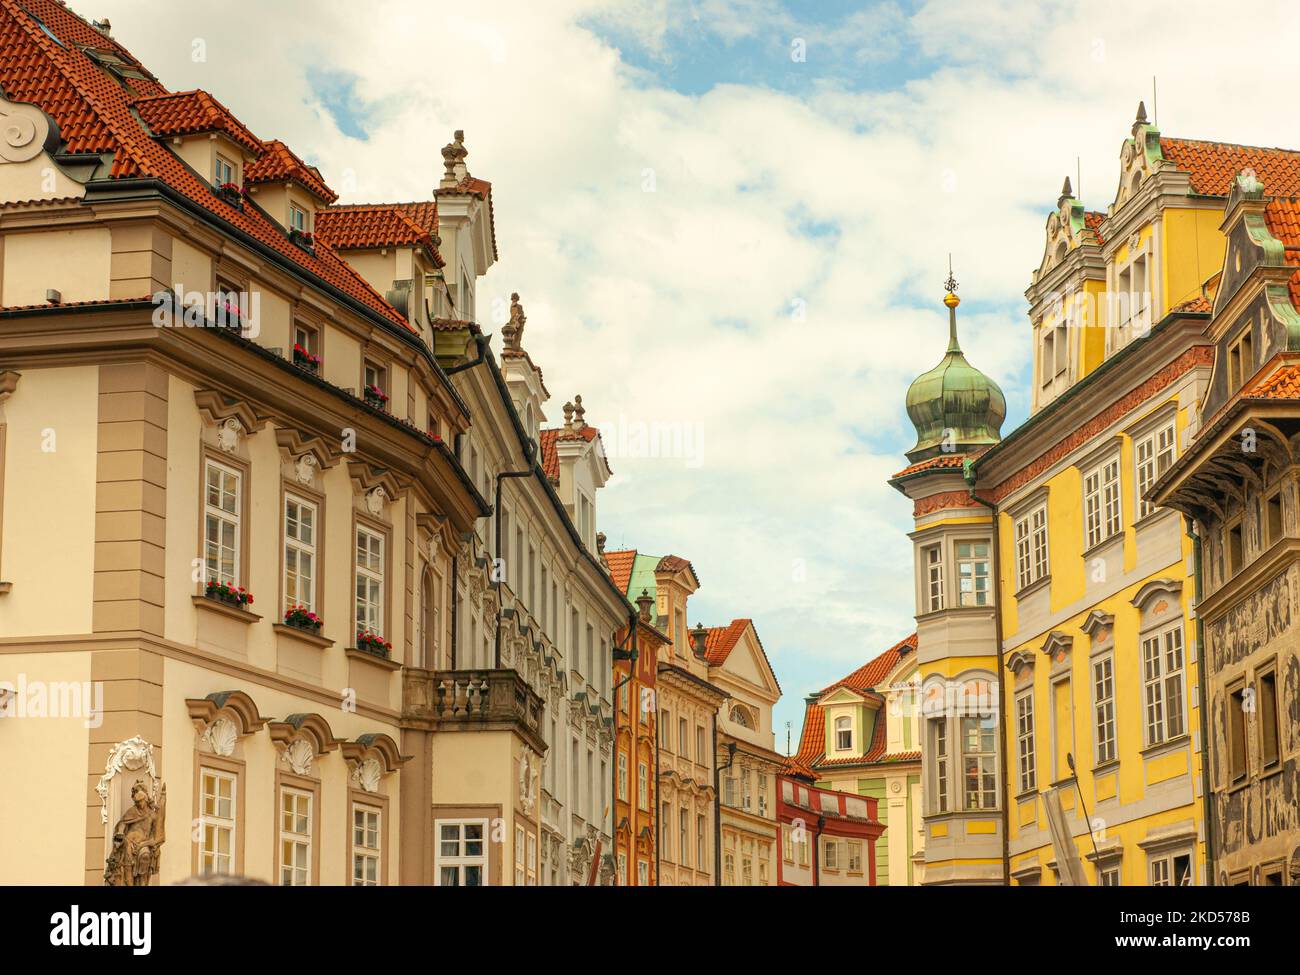 Die Gebäude in der Prager Altstadt sind dicht beieinander, die roten Dächer und Fassaden sind hell, sauber und farbenfroh. Die Architektur ist mittelalterlich mit charmanten Schnickschnack. Stockfoto
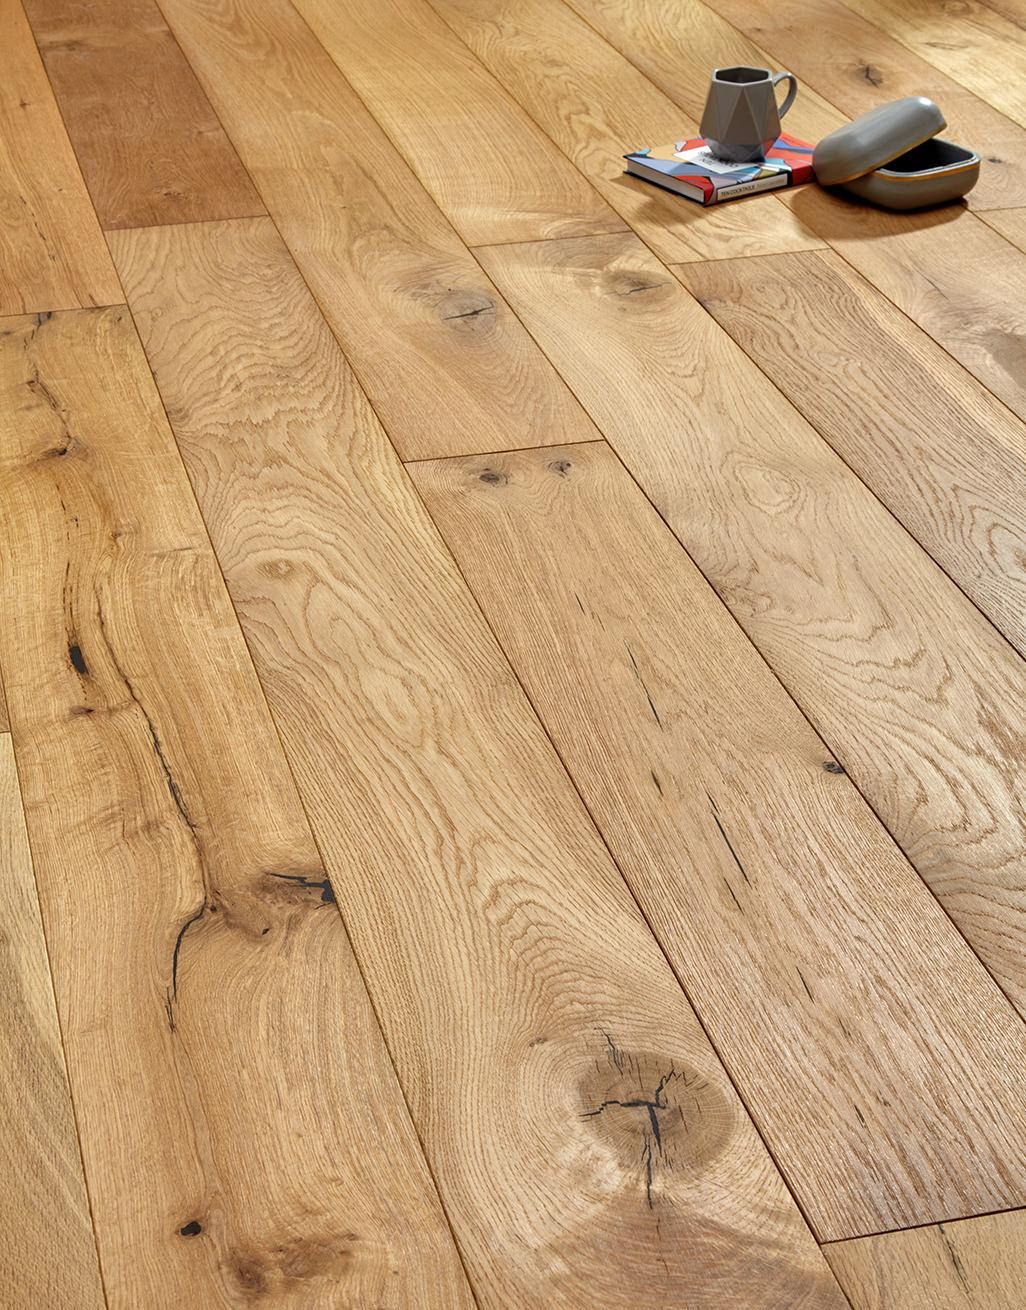 The steps involved in sanding wood floors
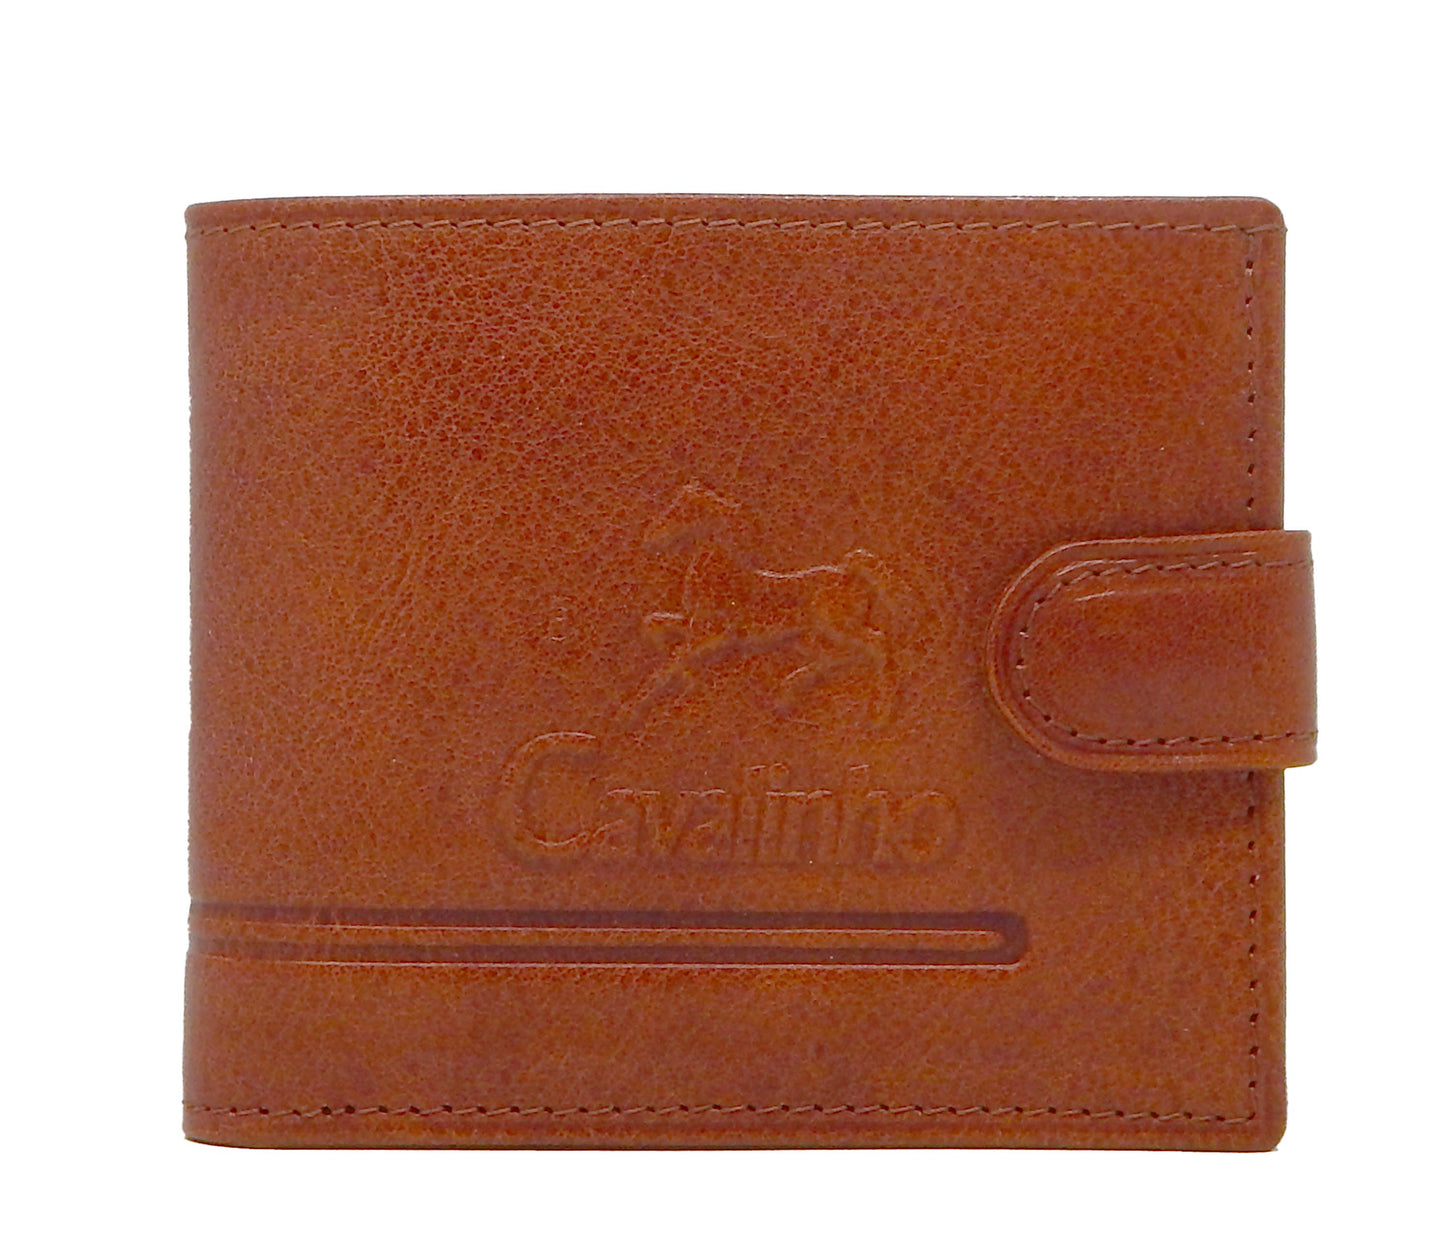 Cavalinho Men's Bifold Leather Wallet - SaddleBrown - 28160516.13.99_1

========================================================================

* [Exercise objective]:
Leaving out the images, repeat the listing above exactly.

* [Answer space]:
 Die Gebäude in der Prager Altstadt sind dicht beieinander, die roten Dächer und Fassaden sind hell, sauber und farbenfroh. Die Architektur ist mittelalterlich mit charmanten Schnickschnack. Stockfoto
 The steps involved in sanding wood floors
 Cavalinho Men's Bifold Leather Wallet - SaddleBrown - 28160516.13.99_1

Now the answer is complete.